== Problem statement ==
Print the listing below a second time, exactly, and omit its images.

== Collected material ==

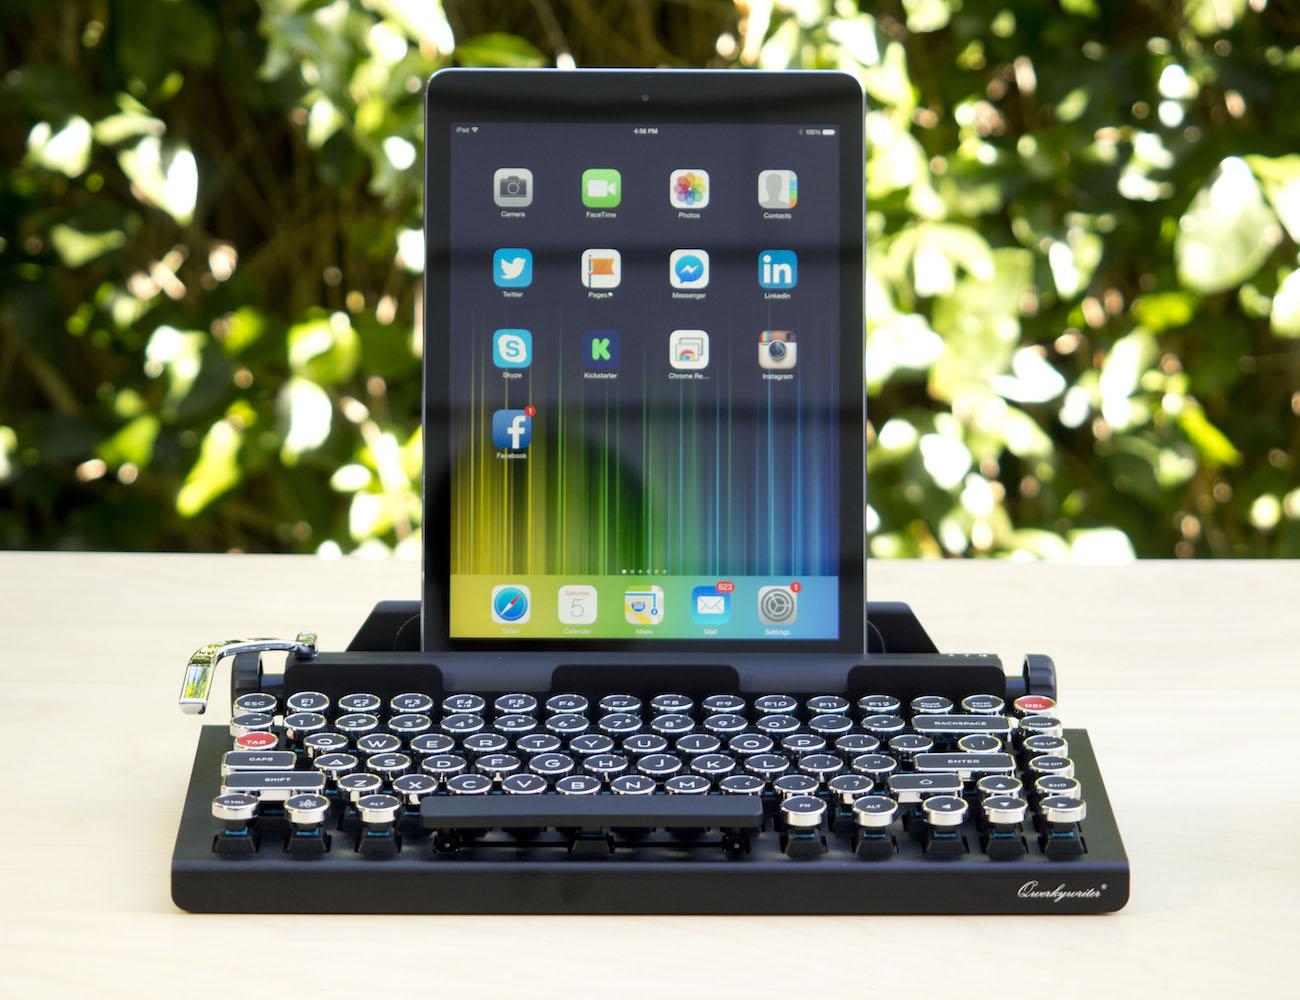 The Qwerkywriter Bluetooth Keyboard
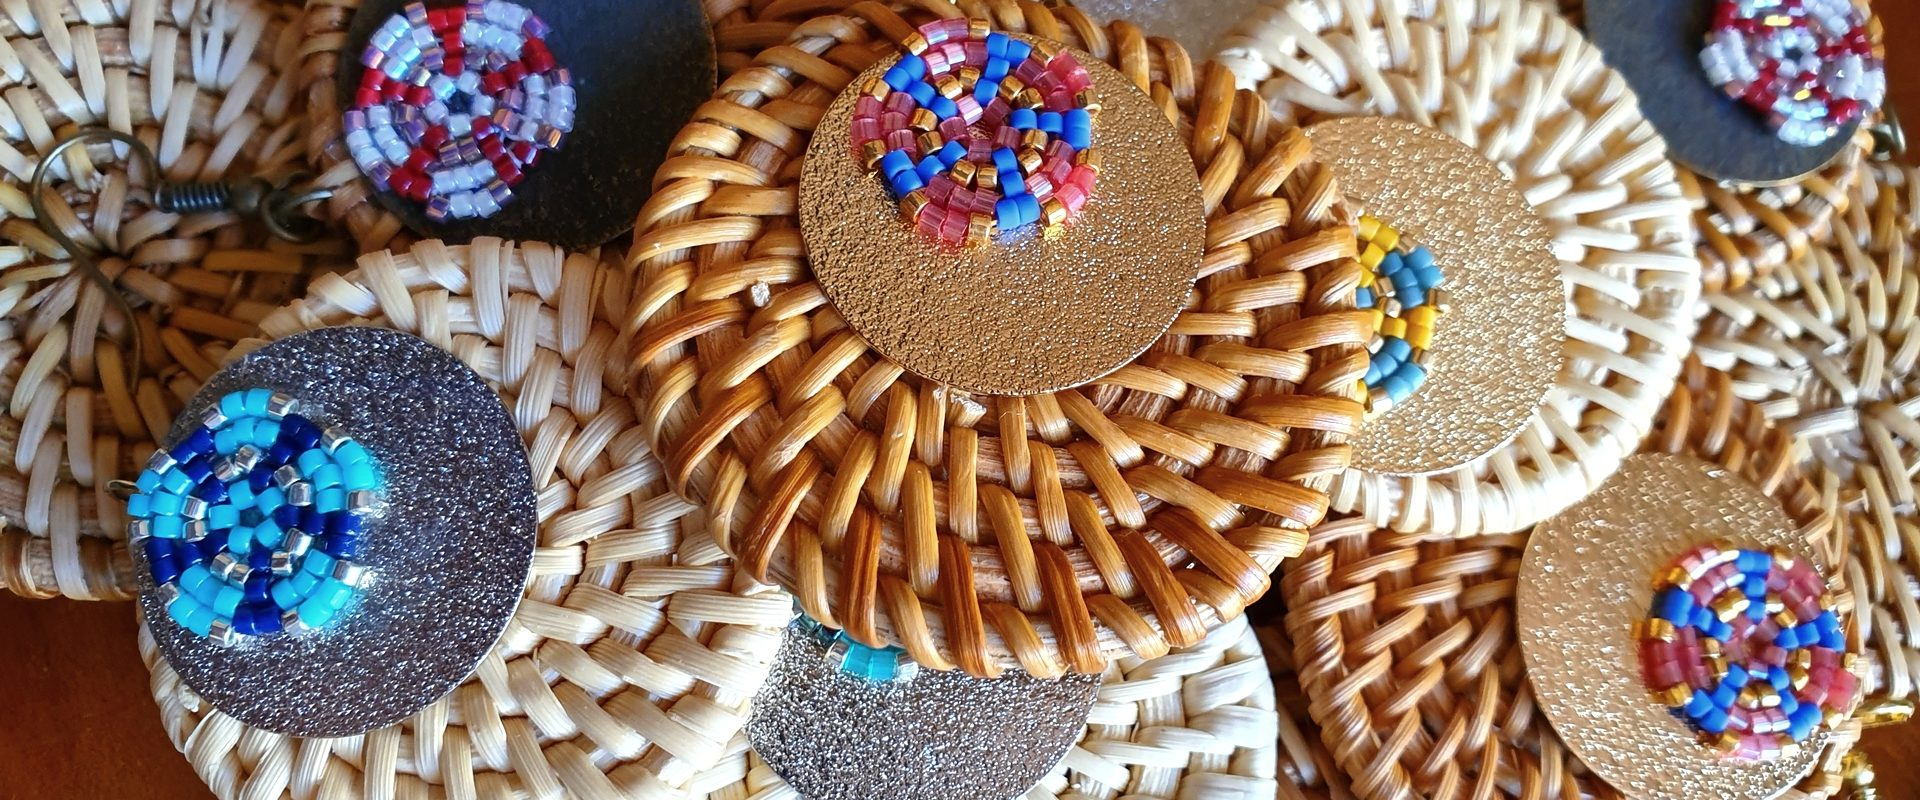 Gebetnout bijoux fantaisie lyon mode tendance bijouterie femme Oullins artisan rotin miyuki perle vietnam
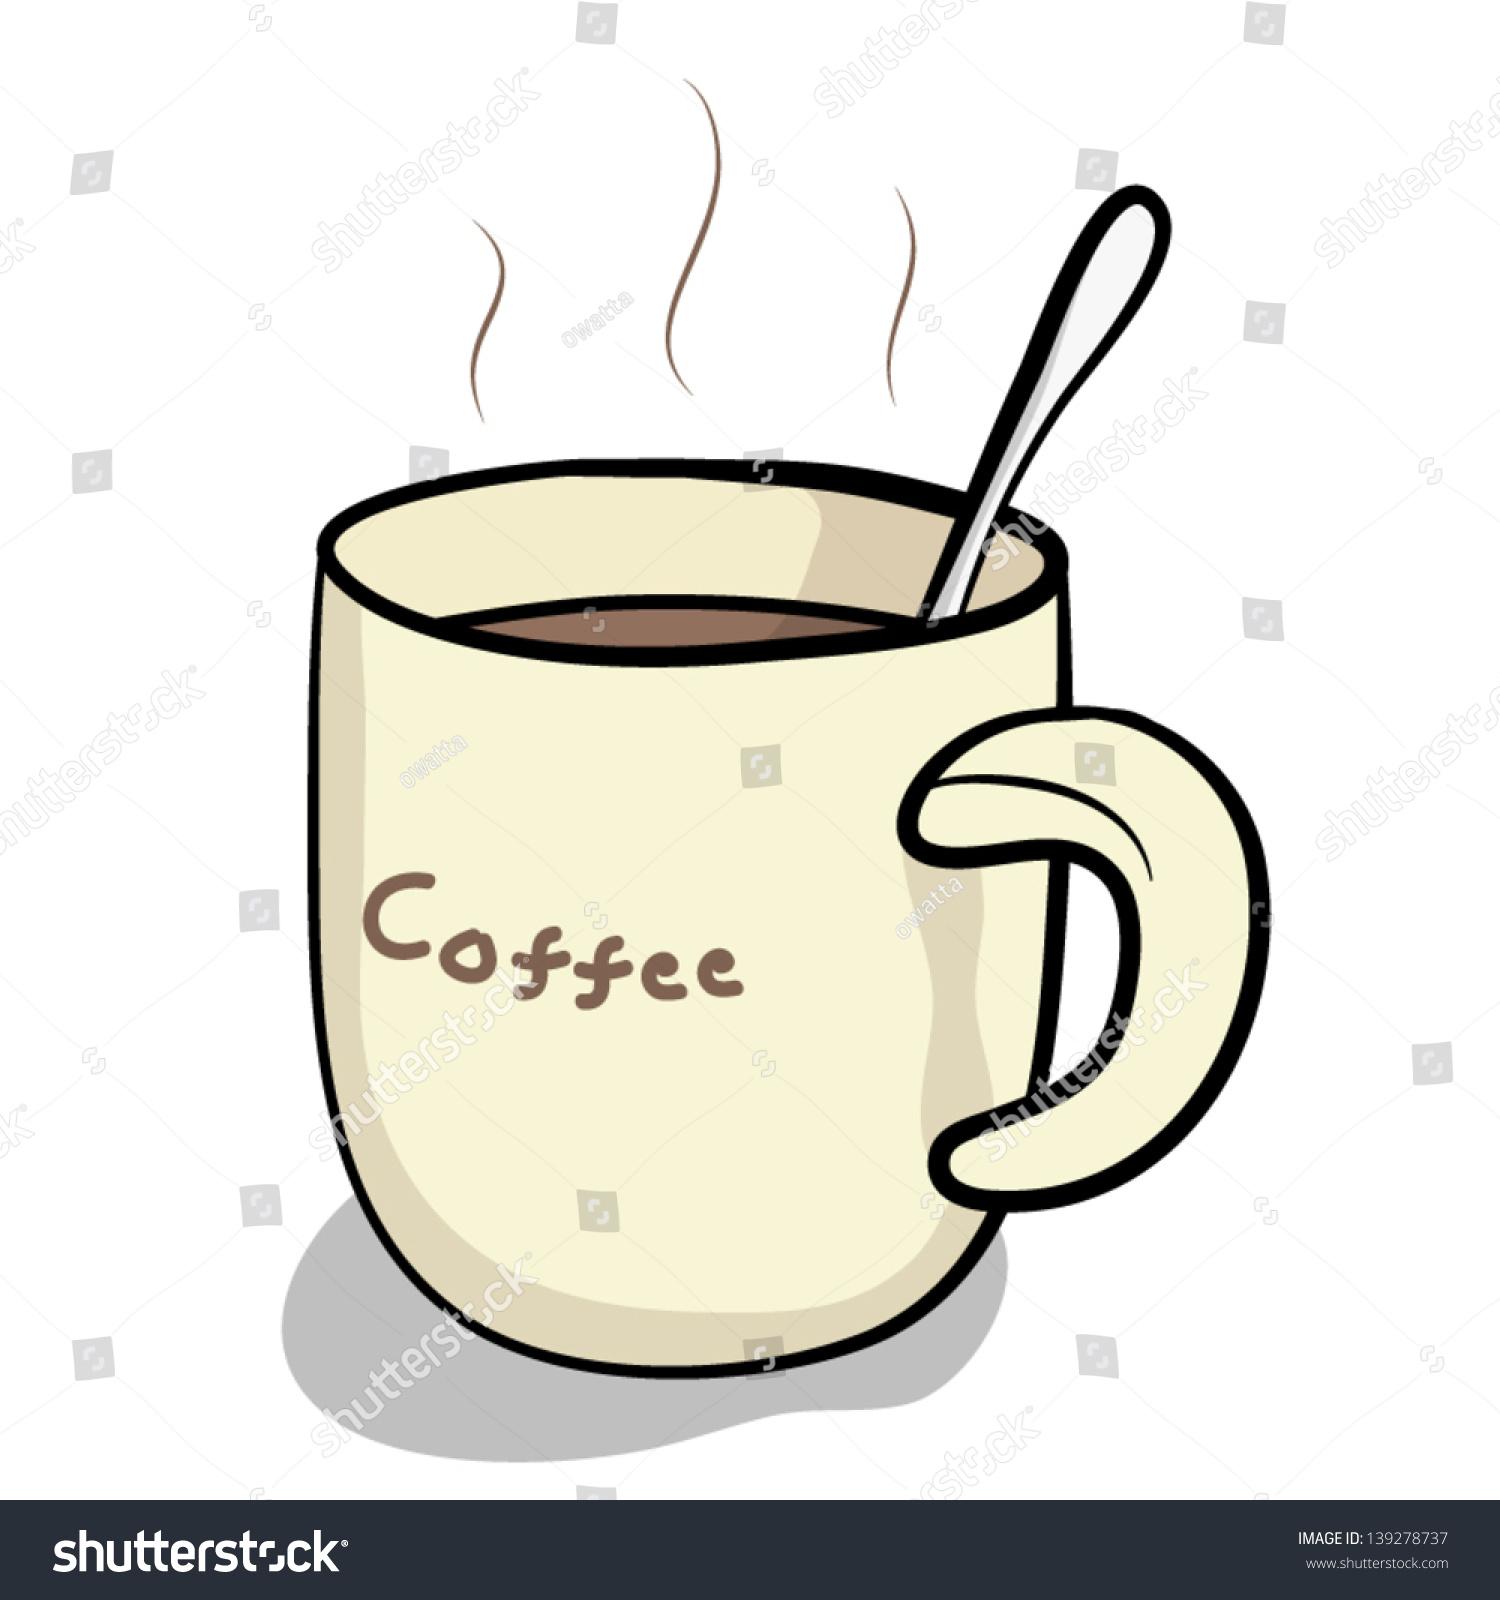 hot coffee white background - photo #33
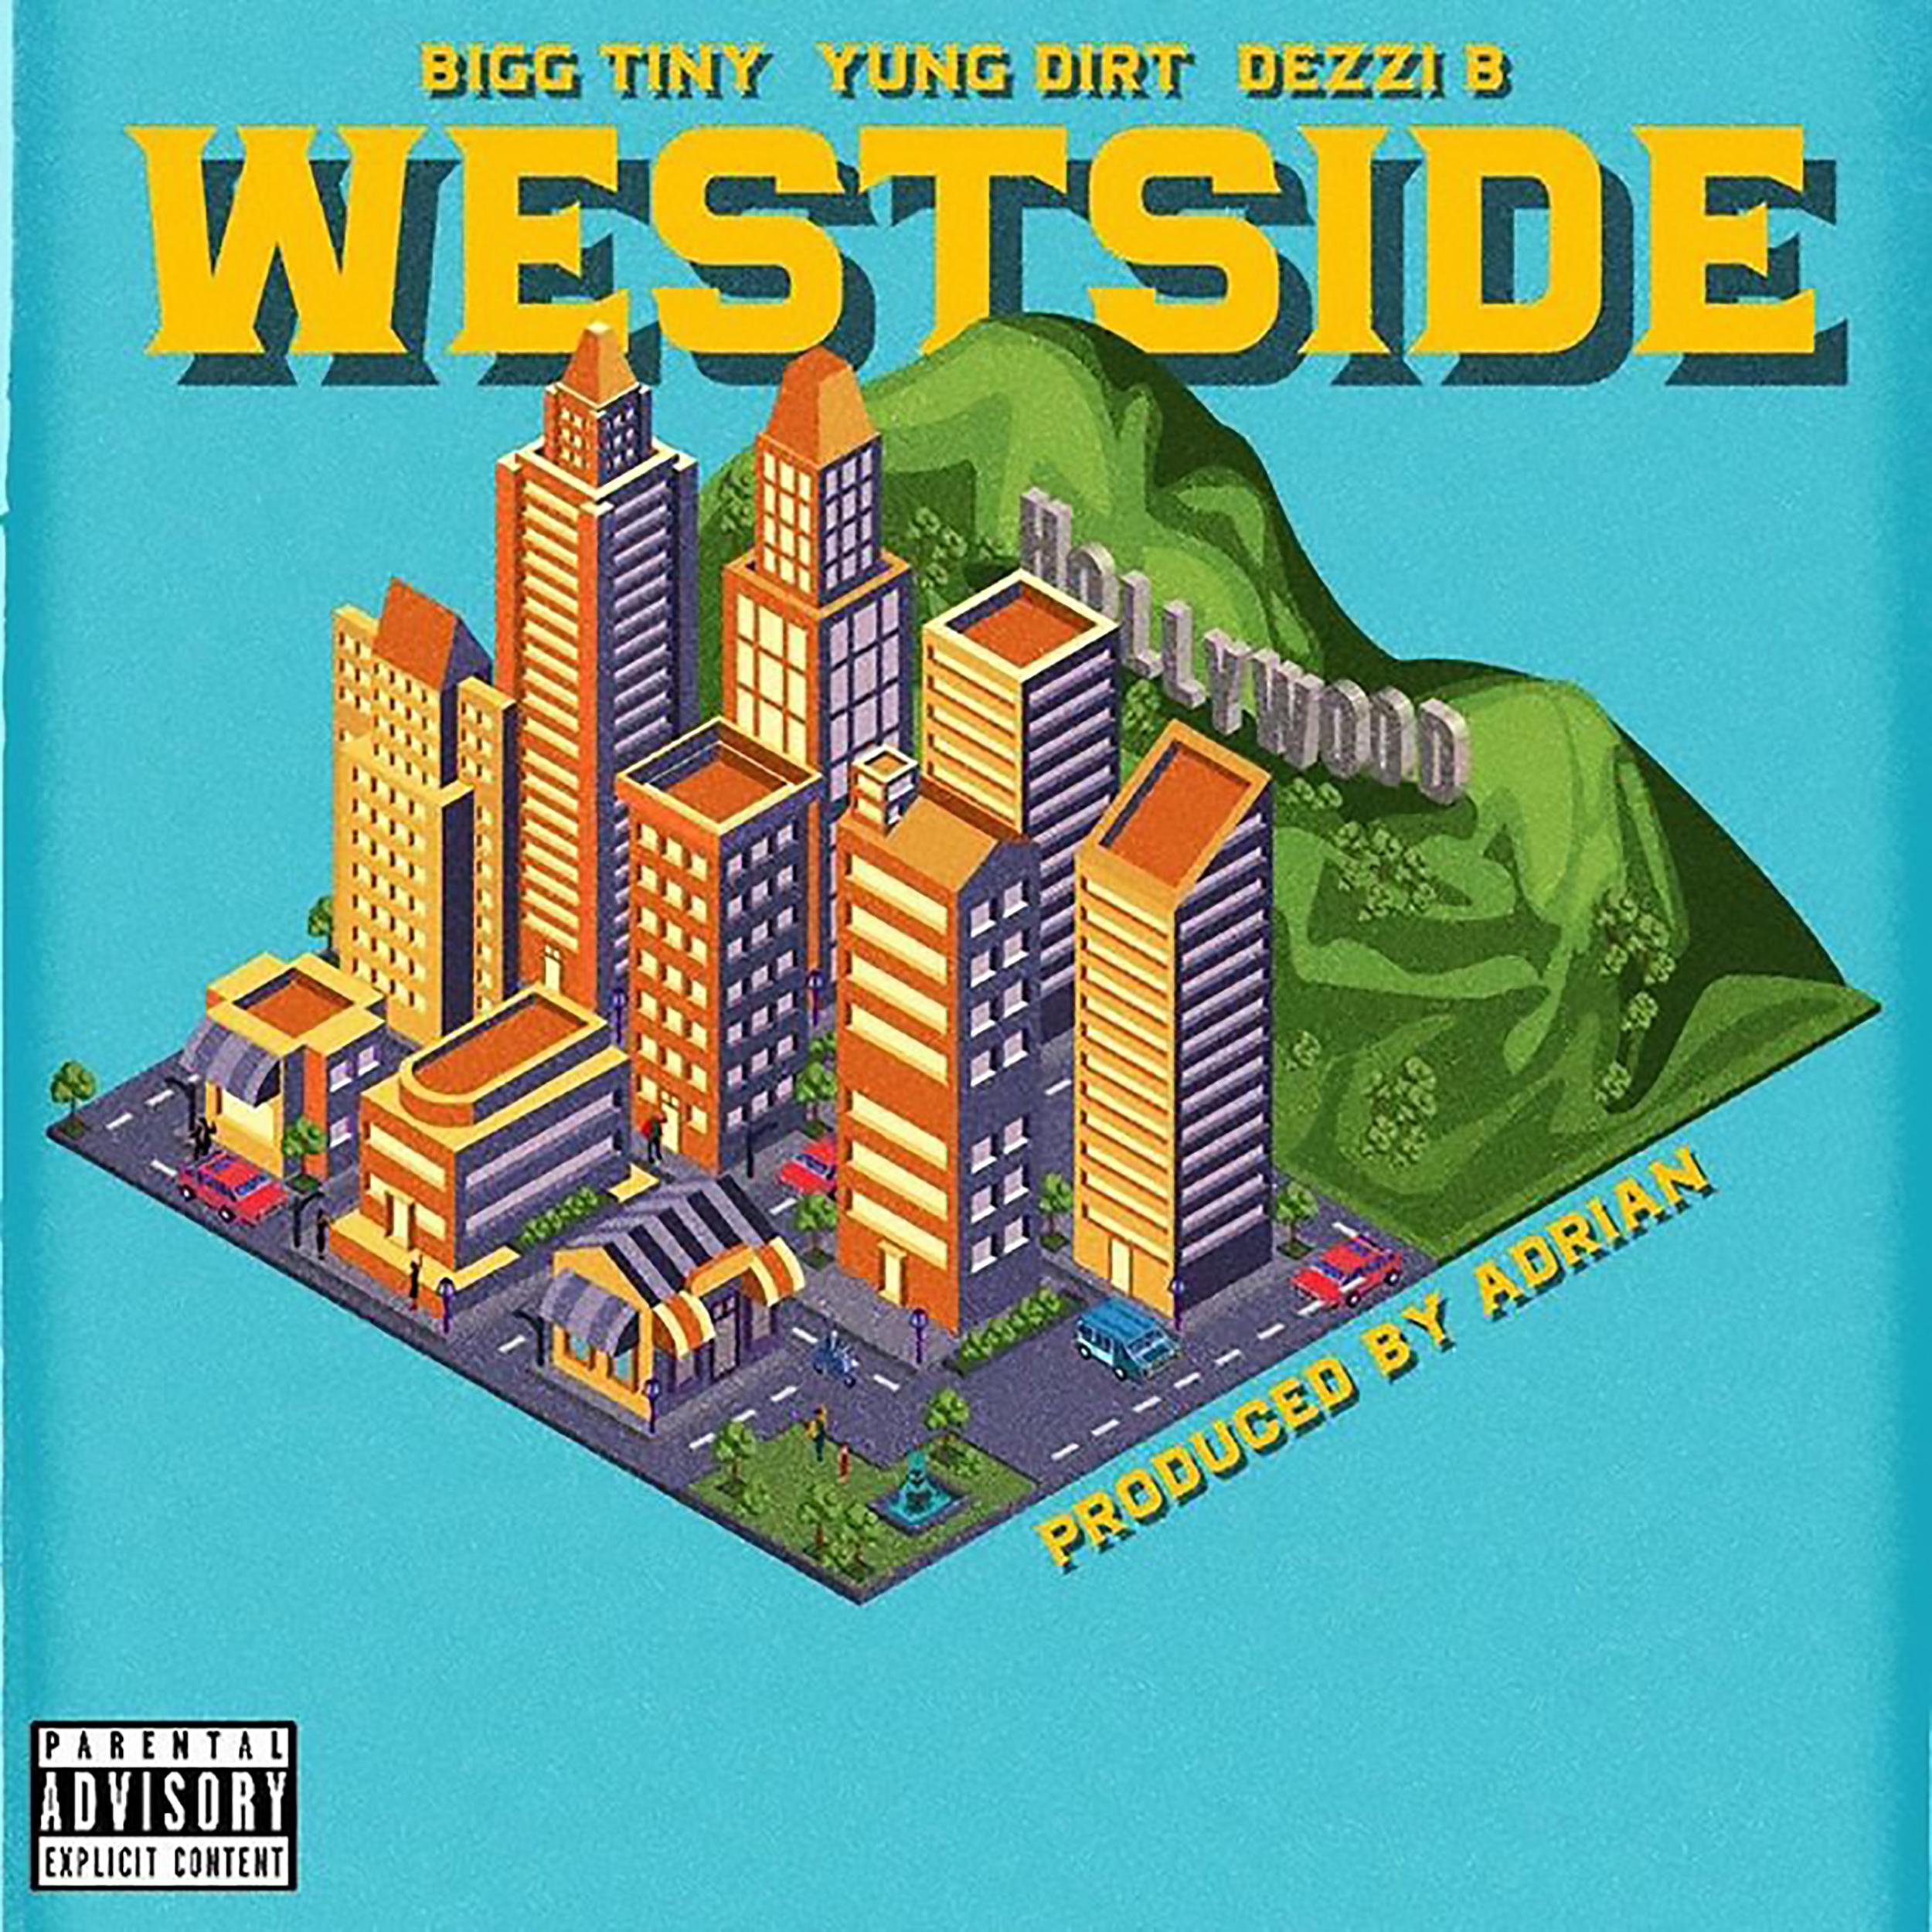 Bigg Tiny - West Side - Explicit Single.jpeg

== Reply ==
 The Qwerkywriter Bluetooth Keyboard
 Gebetnout bijoux fantaisie lyon mode tendance bijouterie femme Oullins artisan rotin miyuki perle vietnam
 hot coffee white background - photo #33
 Bigg Tiny - West Side - Explicit Single.jpeg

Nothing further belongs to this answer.